The adult birds on Maketu Spit were caught and held in aviaries until Bay of Plenty beaches were cleaned up and were no longer at risk of further oil washing ashore.

These are all rare modern examples of entire clutches being collected from protected birds. Most of the additions to the Te Papa egg collection in the last 50 years have been single infertile or damaged eggs found by researchers.

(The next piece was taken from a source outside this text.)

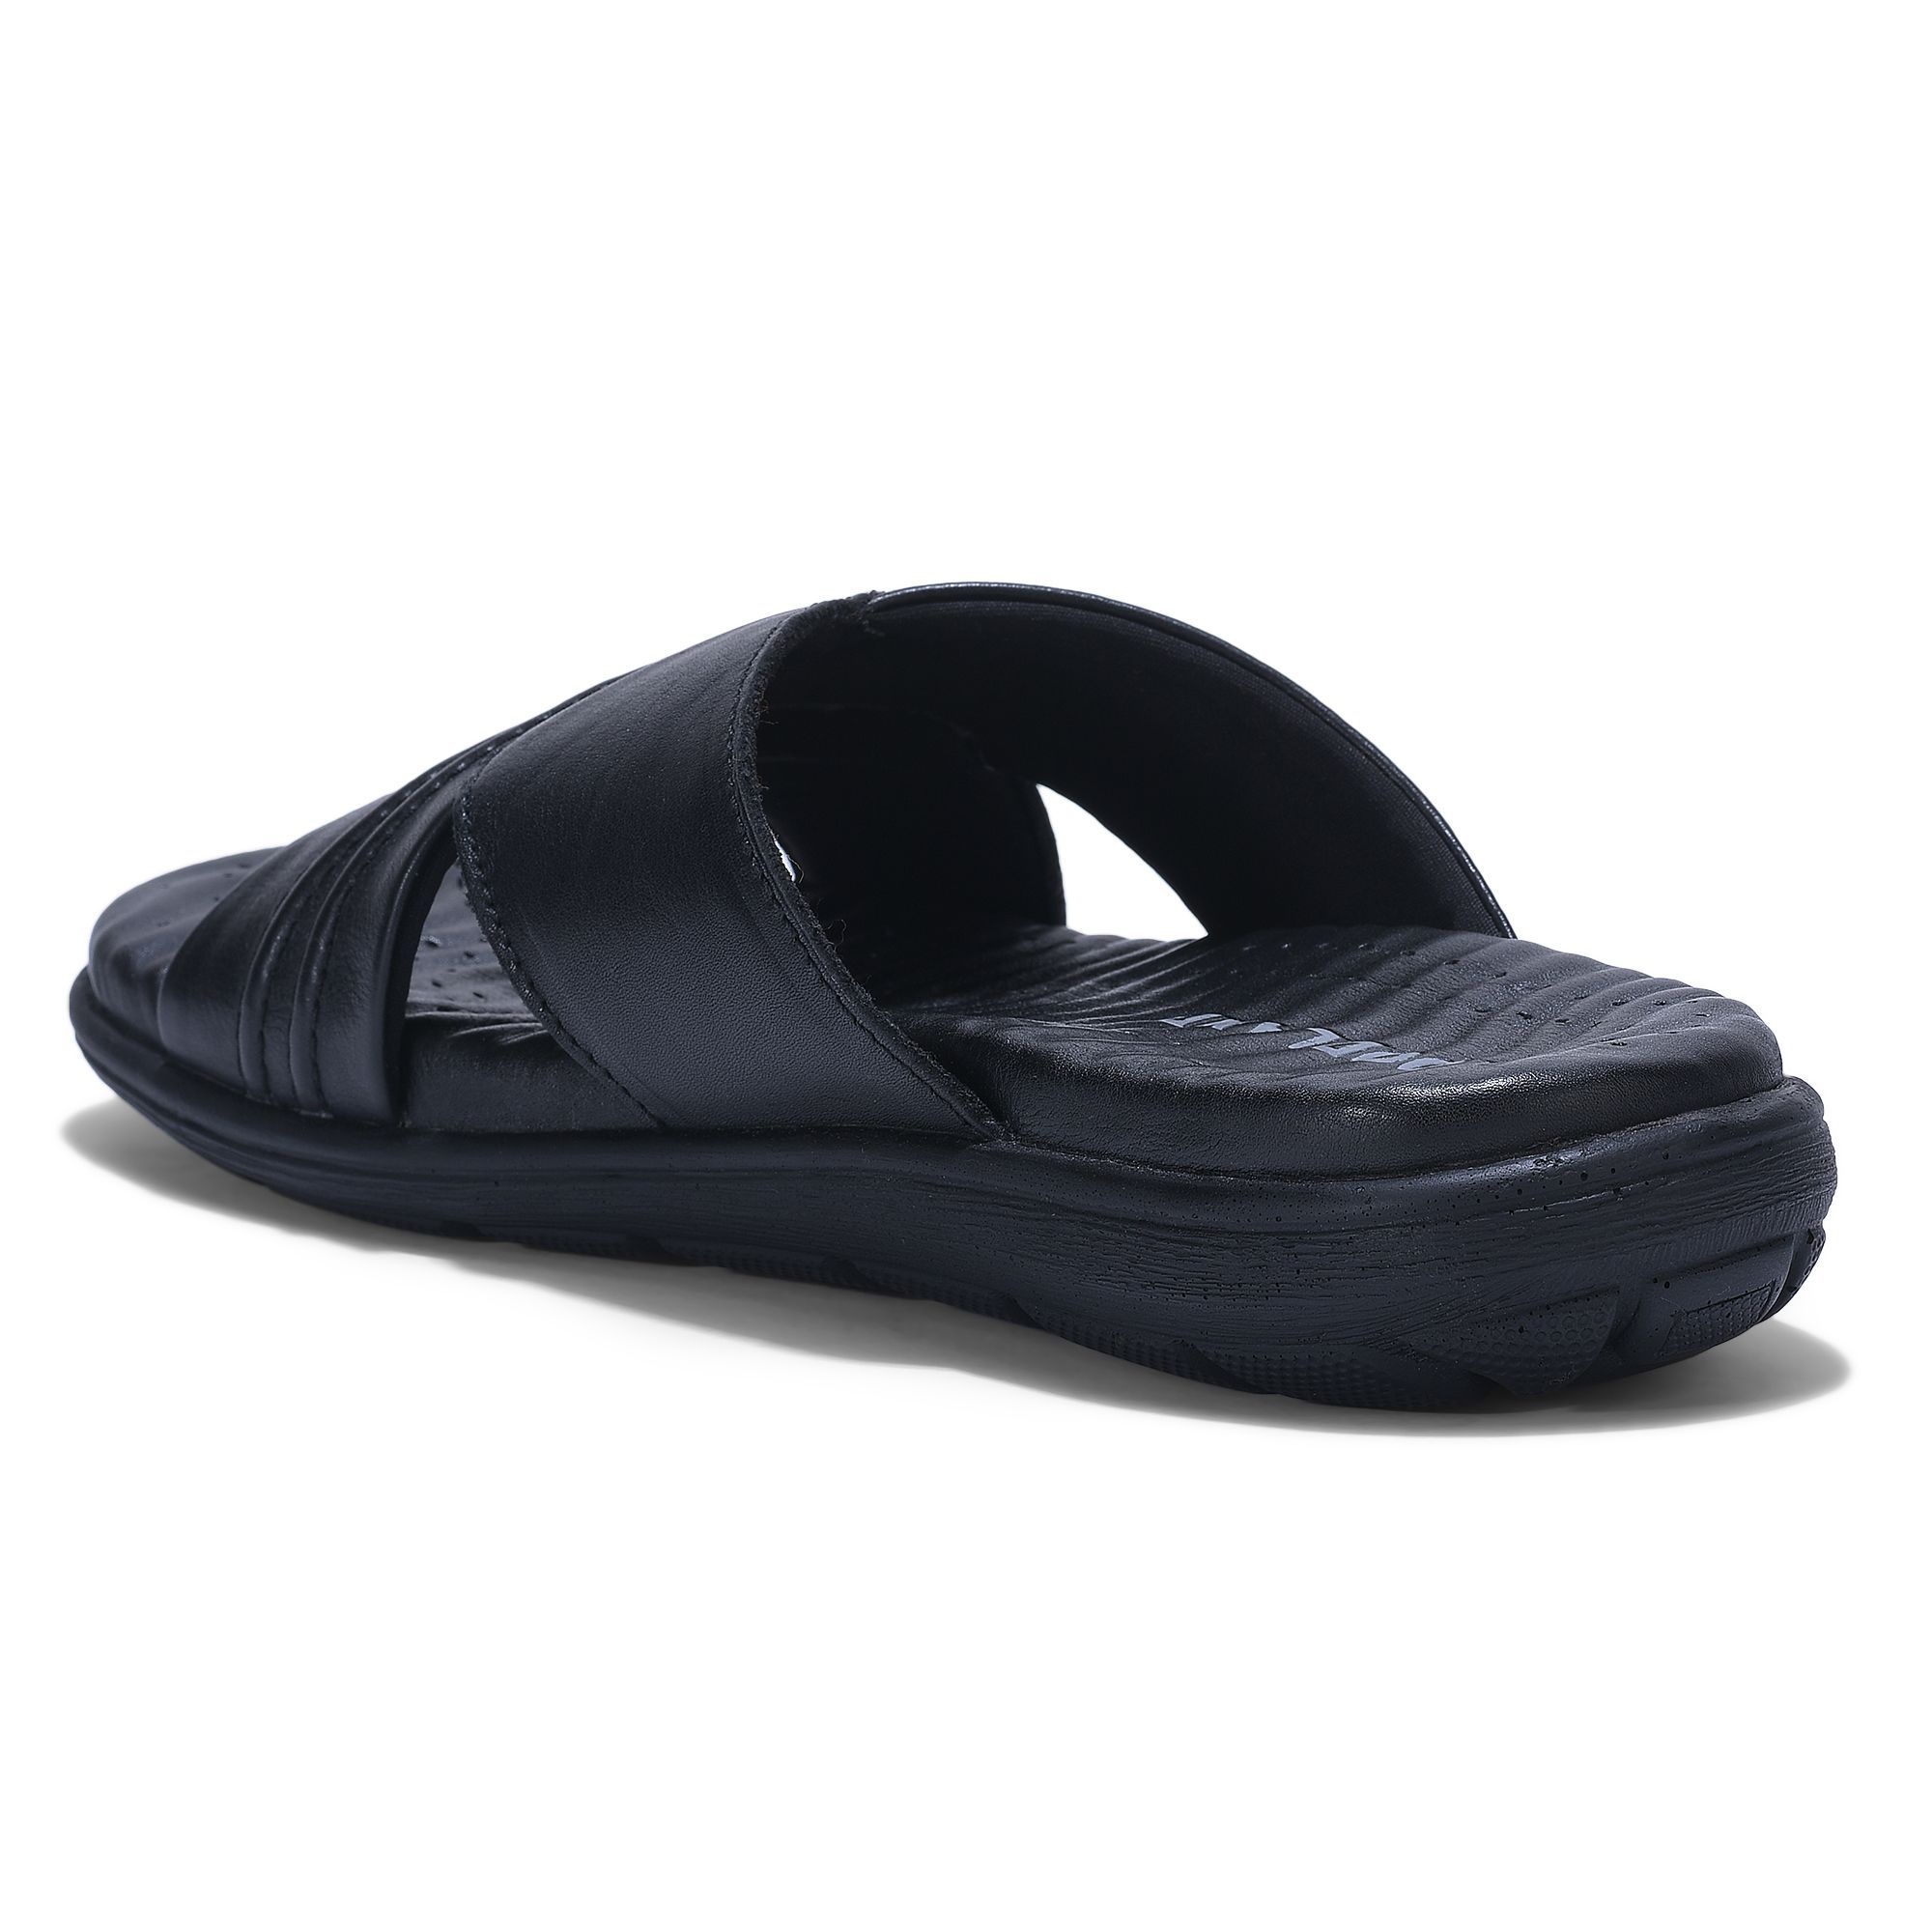 Black slipper for men

New Zealand dotterel clutch, Maketu Spit, Bay of Plenty, October 2011. Specimen OR.029416, eggs approx. 45 mm x 32 mm. Photograph by Jean-Claude Stahl. Te Papa

New Zealand dotterel clutch, Maketu Spit, Bay of Plenty, October 2011. Specimen OR.029416, eggs approx. 45 mm x 32 mm. Photograph by Jean-Claude Stahl. Te Papa

Future blogs will explore some of the individuals and institutions who were major contributors to the Te Papa egg collection.

Related blog

What was New Zealand’s first fully protected native bird?

10 Responses

  1. Jo Russell

    What a fantastic day of photographs of the collection. The Otorohanga Kiwi House also had a large collection of native eggs. We’d be keen to understand more about how the photographs were taken as we’d like to record our collection in a similar way.

    Reply
    • Colin Miskelly

      Kia ora Jo
      Thanks very much for your comment. I will contact you directly about your photography enquiry.
      Kind regards
      Colin

  2. Olwen Mason

    Thanks for this, Colin. I read recently that owls have round eggs so I was interested to see the Laughing Owl’s egg. It doesn’t look completely round. in that picture, to me. Are all owl eggs round? Have you any idea why? The item I read was about the shape of eggs and said it was governed by flying ability – fast, agile fliers producing more elongated eggs. What does that say about owls? Here is the article http://www.sciencemag.org/news/2017/06/surprisingly-simple-explanation-shape-bird-eggs.

    Reply
    • Colin Miskelly

      Thanks very much for your comments Olwen
      The laughing owl egg is one of the ’roundest’ eggs in the collection. Round eggs is a characteristic that owls share with several other tree-hole nesting groups (e.g. parrots and kingfishers). The paper that you quote is certainly intriguing, but there is a lot of scatter in the graph, suggesting that there are multiple factors affecting egg shape. If flying ability was a major driver, I would expect greater variation with a group – e.g. sedentary owls having rounder eggs than migratory ones. There are clearly many exceptions to the pattern. Kiwi don’t fly at all, but have very elongated eggs, presumably because they are so large in relation to body size.
      Kind regards
      Colin

  3. Barbara Hammonds

    Thanks Colin and Jean-Claude. What a great opportunity to tell these stories. I was especially moved by the eggs of the extinct birds i knew less about than the moas, like the bush wren, and followed the links to NZ Bird to see some of these.

    Reply
    • Colin Miskelly

      Thanks very much Barbara
      Yes – the eggs are a poignant reminder of how recently so many of our native birds have become extinct. We decided during the project to include measurements of all the eggs that are shown individually on NZ Birds Online. You need steady nerves to handle and measure such fragile relics of extinct species.
      Kind regards
      Colin

  4. Marie-Louise Myburgh

    Great read. Thanks.

    Reply
    • Colin Miskelly

      Thanks very much for your feedback Marie-Louise
      Kind regards
      Colin

  5. Denis Asher

    A lovely survey, with gorgeous images. That would have been a tough task for J-C?!

    Reply
    • Colin Miskelly

      Thanks very much Denis.
      Jean-Claude admitted to being quite moved (and more than a little nervous) photographing the moa eggs – and I also appreciated the opportunity to see these taonga when removed from their storage cases.